Review Article

RMMJ Rambam Maimonides Medical Journal Rambam Health Care Campus 2018 October; 9(4): e0032. ISSN: 2076-9172
Published online 2018 October 4. doi: 10.5041/RMMJ.10348
Special Issue Celebrating the 80th Anniversary of Rambam Health Care Campus

Causative Pathogens in Endophthalmitis after Intravitreal Injection of Anti-vascular Endothelial Growth Factor Agents

Cecilia P. Labardini, M.D.1 and Eytan Z. Blumenthal, M.D.1,2*

1Department of Ophthalmology, Rambam Health Care Campus, Haifa, Israel
2The Ruth & Bruce Rappaport Faculty of Medicine, Technion–Israel Institute of Technology, Haifa, Israel

*To whom correspondence should be addressed. E-mail:


Intravitreal injection of anti-vascular endothelial growth factor is currently the preferred treatment for several posterior segment diseases, including age-related macular degeneration and diabetic retinopathy, as well as macular edema and retinal vein occlusion. As an invasive procedure it involves risks. The most significant risk is infectious endophthalmitis, a sight-threatening and even a globe-threatening acute fulminant condition. Most common pathogens include Streptococcus and Staphylococcus species, surprisingly originating from the patient’s, surgeon’s, or nurse’s mouth. Infectious endophthalmitis may have devastating and irreversible effect, with Streptococcus-induced cases having the worst visual outcome. It is therefore crucial for clinicians to promptly recognize and treat such conditions, and, far more important, to put in place protective and preventive measures against this rare, but sight-threatening complication. To that end, this paper describes the most common pathogens causing endophthalmitis after IVI of anti-VEGF, and defines their source, to aid the physician in developing strategies to prevent this catastrophic infection.

Keywords: Anti-VEGF, bacterial infection, endophthalmitis, intravitreal injection


Intravitreal injection (IVI) of anti-vascular endothelial growth factor (VEGF) has revolutionized in the past decade, and is currently the preferred treatment for several posterior segment diseases, among them age-related macular degeneration, diabetic retinopathy, as well as macular edema and retinal vein occlusion.1,2 Clinical trials have repeatedly and consistently demonstrated visual as well as anatomic improvement following therapy with anti-VEGF in the aforementioned diseases.3 Injections are usually administered at 1–2 monthly intervals for a period lasting between several months and up to many years.4 The use of these medications has increased considerably in the last 5 years,1 becoming the most commonly performed ophthalmic procedure in the United States.5,6

As in every invasive procedure, a risk of complications exists with IVI procedures, the most important one being endophthalmitis, which carries a devastating outcome.1,7,8 With the increasing number of IVI, the number of cases of endophthalmitis has also grown.4 Identifying the infectious agents involved in endophthalmitis after IVI is essential to provide the appropriate empiric antibiotic treatment.

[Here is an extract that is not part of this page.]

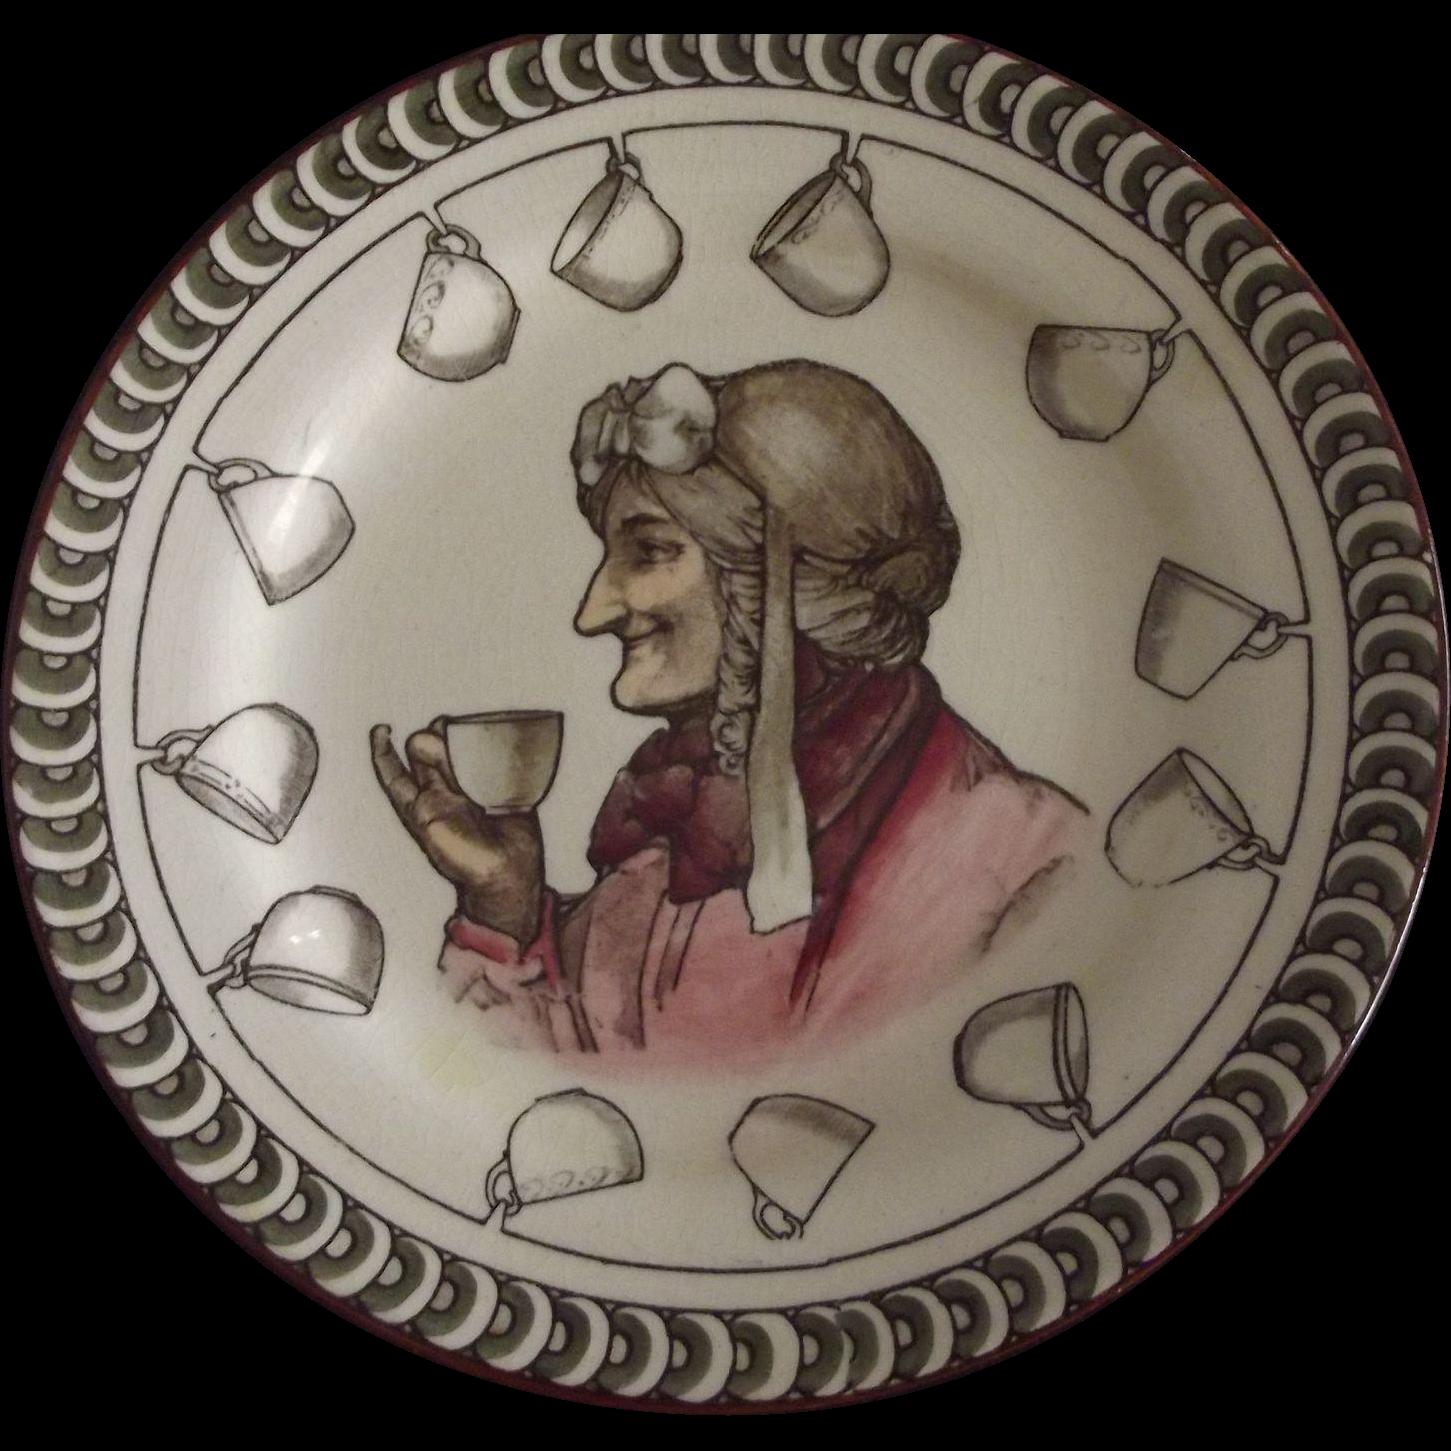 Royal Doulton Teatime Plate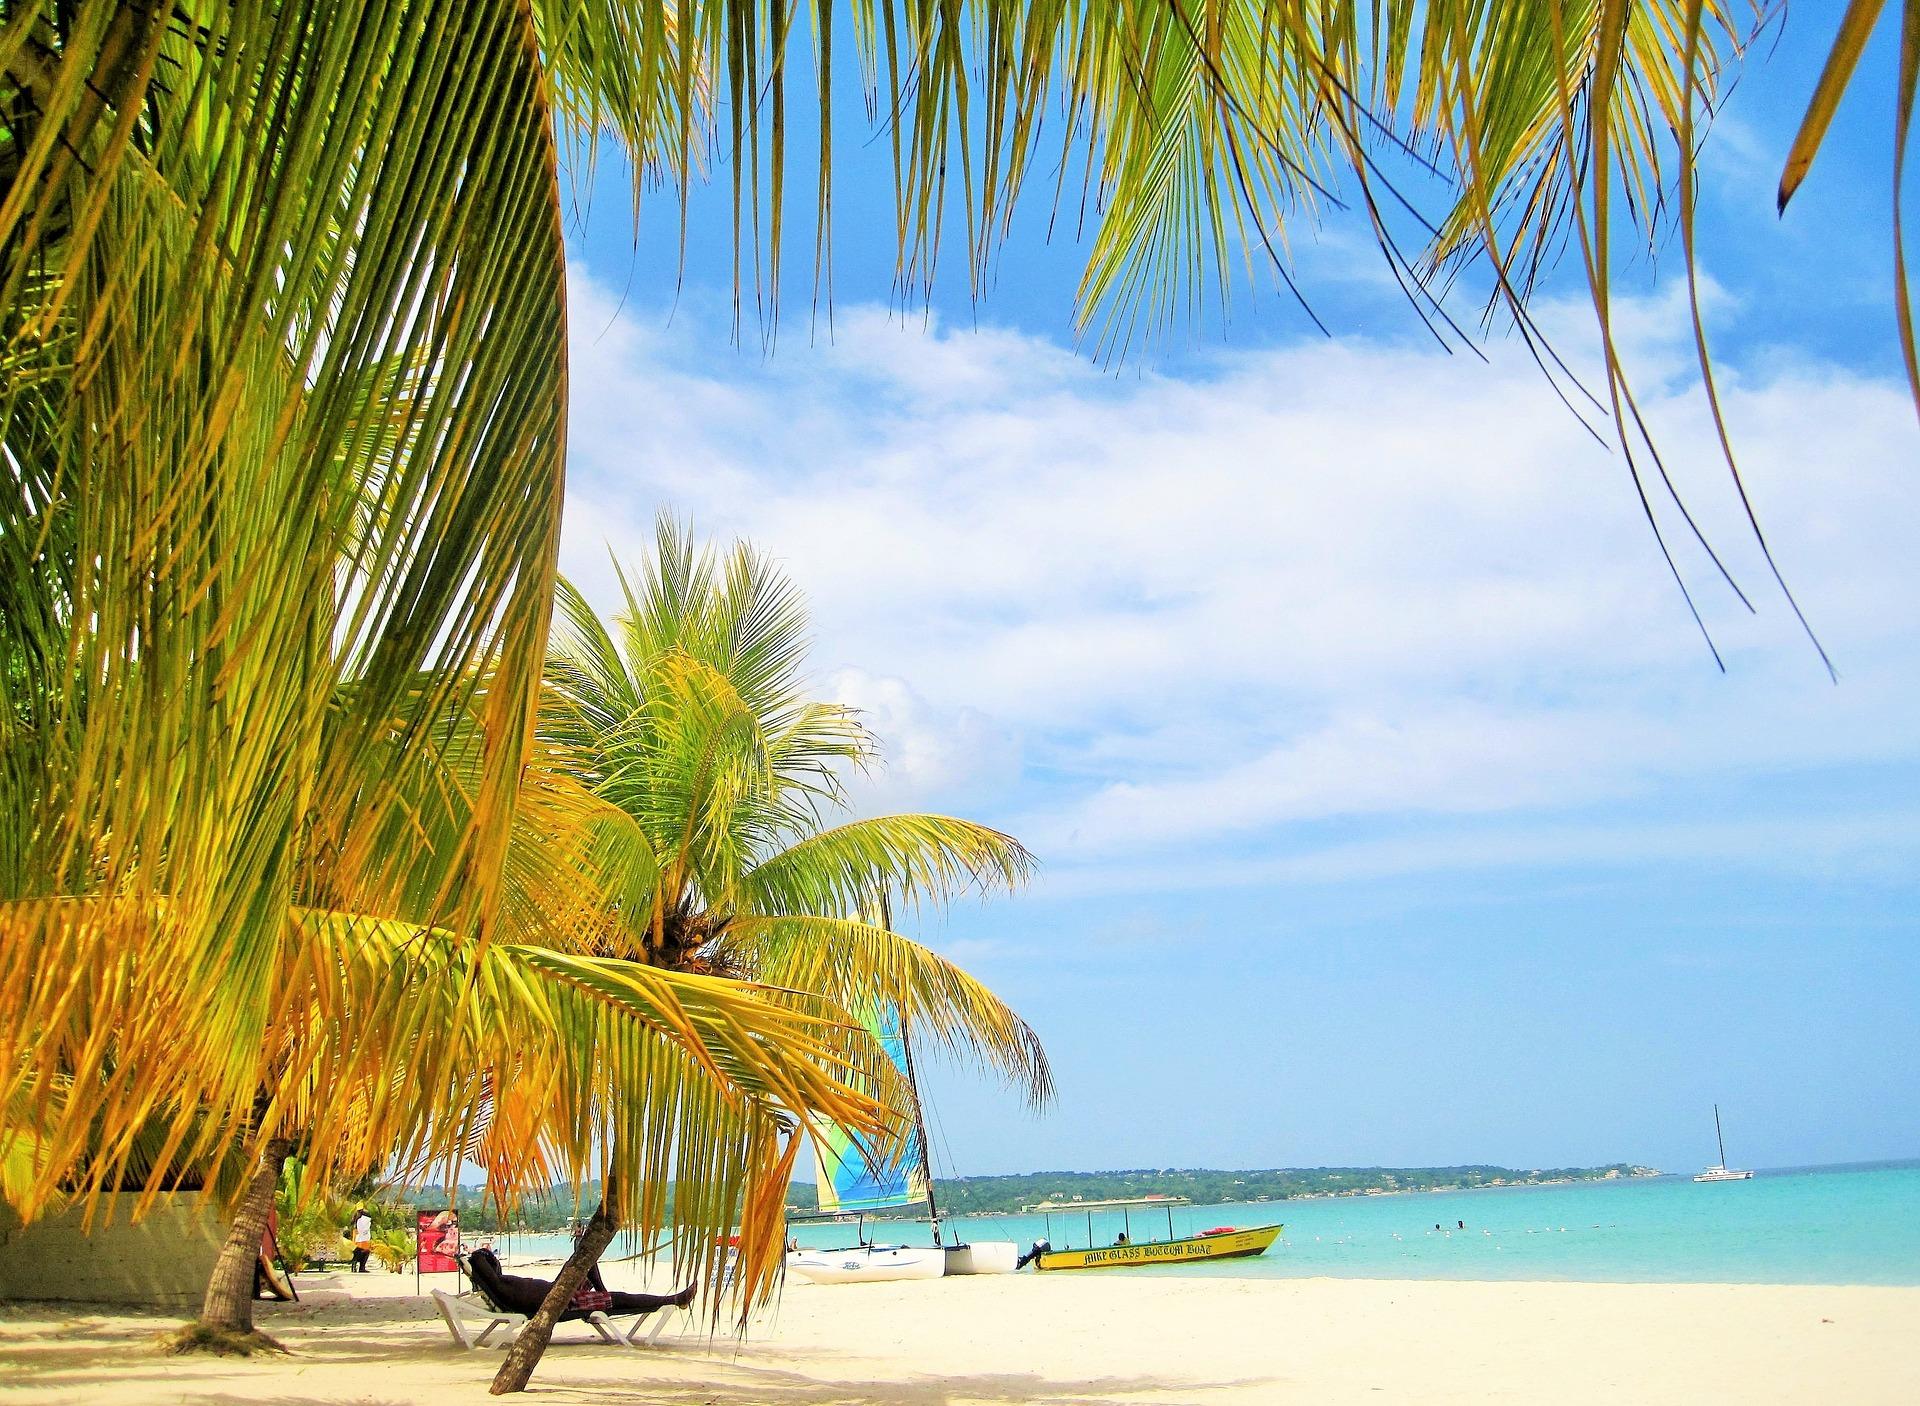 ямайка пляж з пальмами

Endophthalmitis is an intraocular inflammatory response to a bacterial or fungal infection inside the eye. Such infections start in the aqueous humor, the vitreous body, or both.4,9 Endophthalmitis is justifiably one of the most serious and urgent emergencies encountered in ophthalmic practice.10 Clinical signs and symptoms include decreased vision, mild to moderate pain, a red eye, anterior chamber inflammation, and vitritis.11

Even though the incidence of endophthalmitis after anti-VEGF injections is very low4,11 (rates range from 0.038% to 0.065%, which translates to 1 in 2,632 to 1 in 1,538),8 the visual prognosis is often poor, depending primarily on the time to treatment, the virulence of the infecting pathogen, and the treatment chosen. Prompt diagnosis and treatment can save eyes and achieve satisfactory visual results.10

This article describes the most common pathogens that cause endophthalmitis after IVI of anti-VEGF and defines their source, in order to provide strategies for preventing this catastrophic infection.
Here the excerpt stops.